Which prompted a call from my boss/landlady, who was (understandably in retrospect) quite upset at my absence. I had, in my teenage ignorance, simply assumed that as an employee I’d be off work for Christmas. I worked every other day – holidays, weekends, etc. But Christmas seemed so fundamental, that one day when everything is closed, that I just went home without even thinking about it. In fact, I was actually flabbergasted – offended, even! – that she’d be calling me. I said, “What do you mean, ‘where am I?’ It’s Christmas.”

She said: “You still have to feed the horses every day. They don’t know it’s Christmas.”

Now, that landlady was a miserable and wretched person for a whole host of reasons, I would later discover (not the first of which was that she lived in a farmhouse directly next to the stable and could have just fed the horses herself for one stinkin’ day, but I digress), but she wasn’t wrong then – I was.
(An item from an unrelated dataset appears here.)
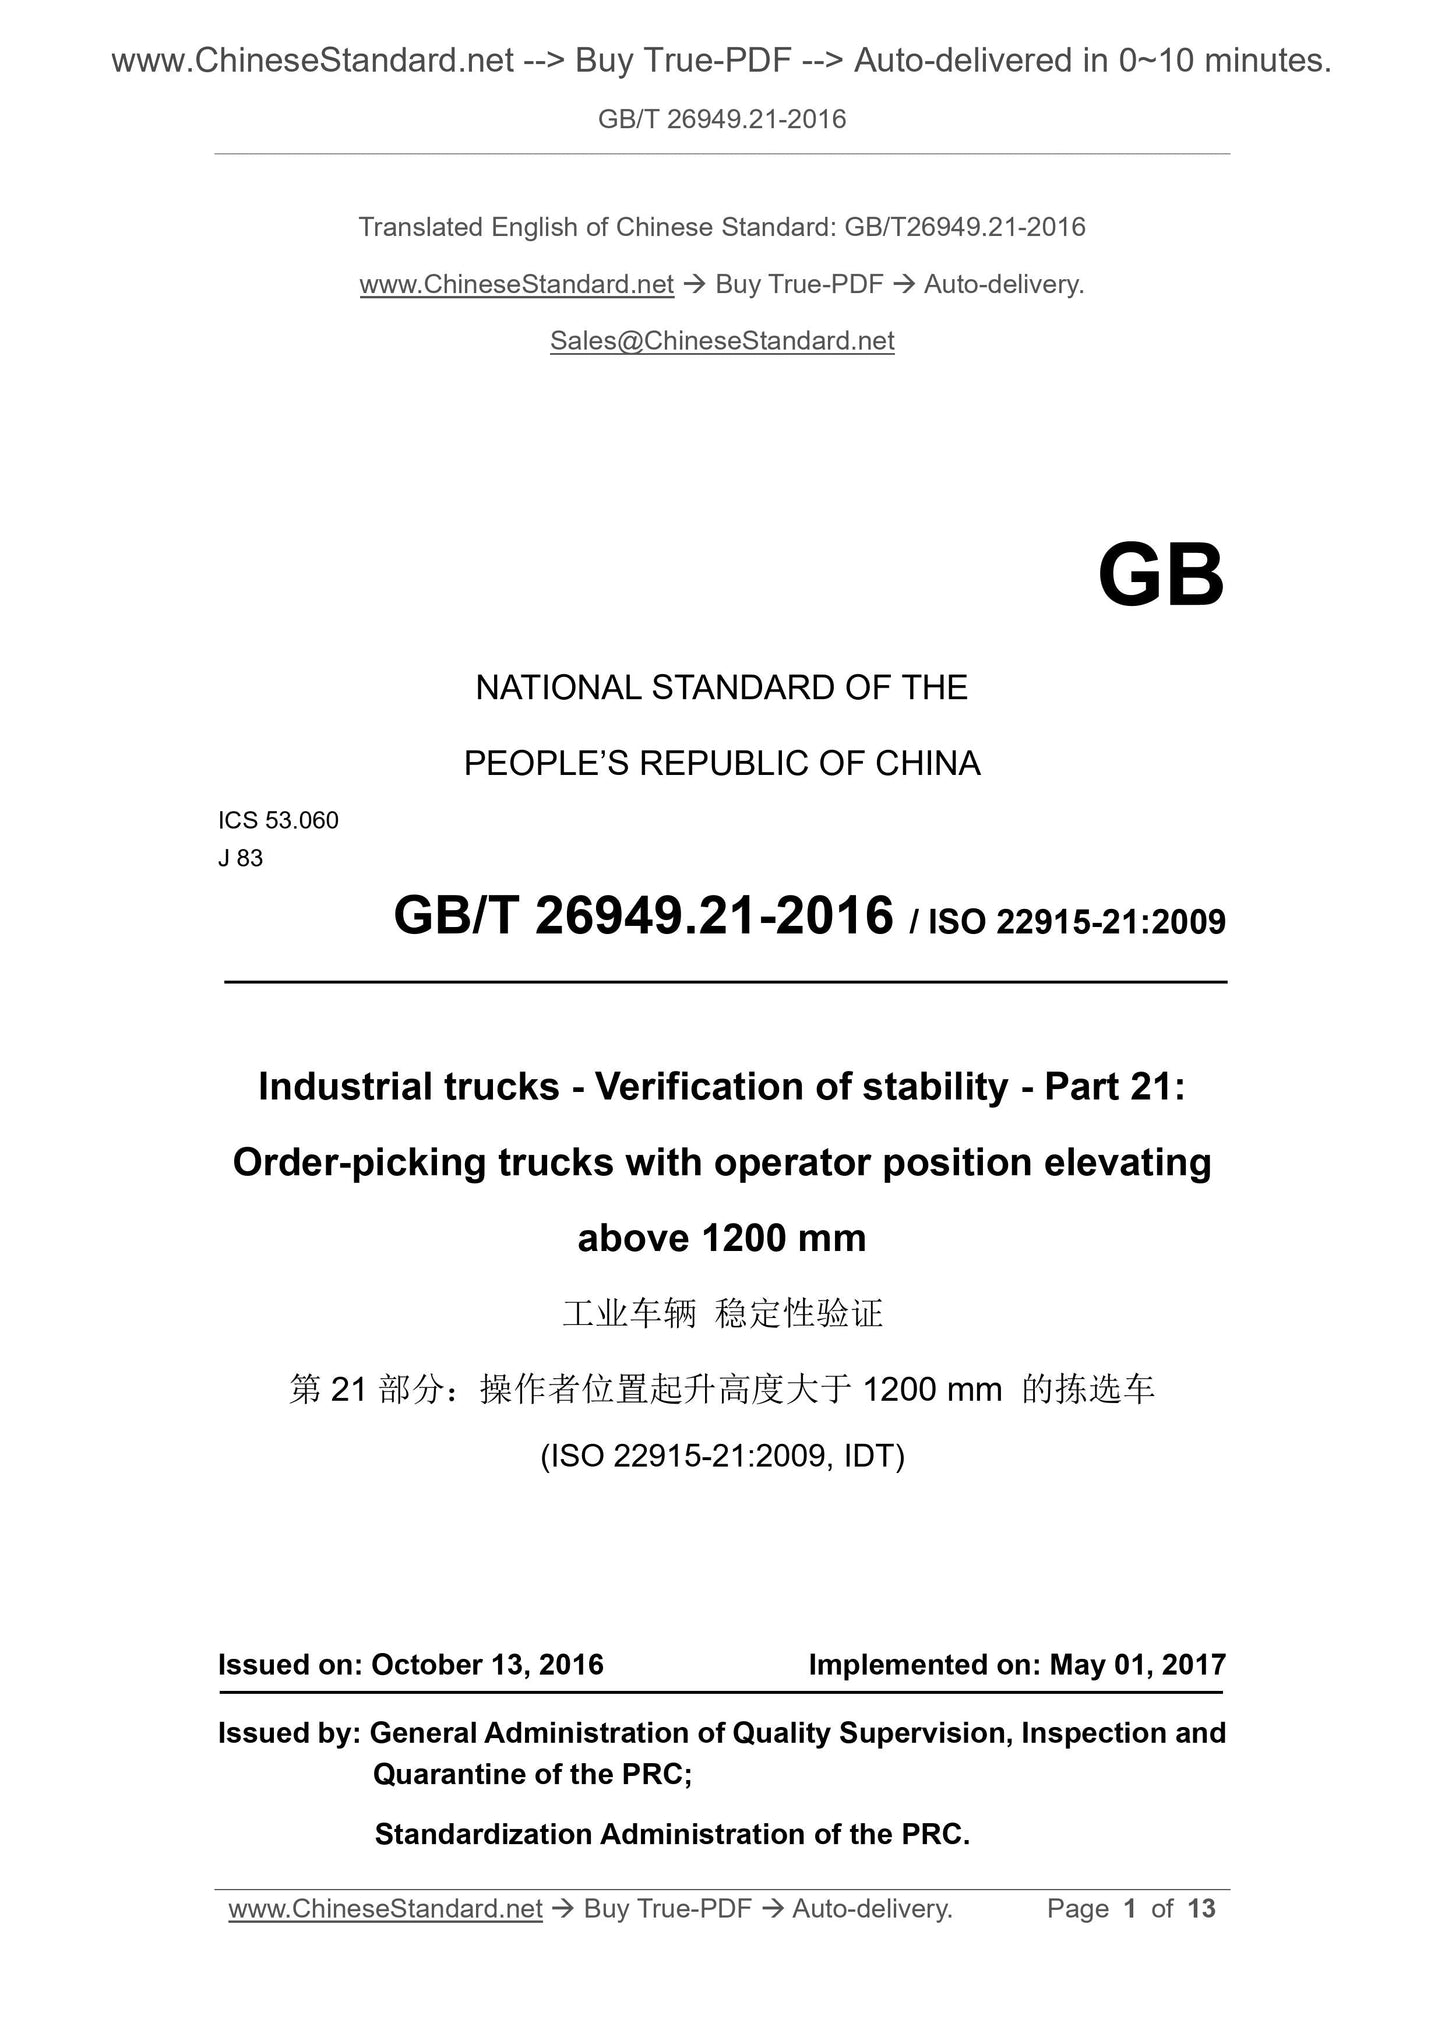 GB/T 26949.21-2016 Page 1

There are days that will mark themselves as extraordinary; days which weigh heavier in the balance of your soul than others. Maybe Christmas, maybe a different holiday. Maybe a particular anniversary or your own birthday or someone else’s. These days may carry more significance to you, and it can be good to honor them with the spirit of their passing, whatever that may be.

But don’t let them become excuses for losing sight of who you work every ordinary day to become. You have a responsibility to your future self, commitments you’ve made to the person you want to become. You’ve committed to reach certain goals, whether they’re financial, spiritual, health or personal. Don’t forget those goals, even in the big moments.

I was tempted to just write a quick “Merry Christmas, ya filthy animal” for today’s post. It’s Christmas, after all – who’d blame me? But while I don’t mind short posts, my commitment is to try to write something that will make you think every day. So even though it’s Christmas, and even though I did all the things I wanted to on this day, I’m still here. Feeding the horses, every day.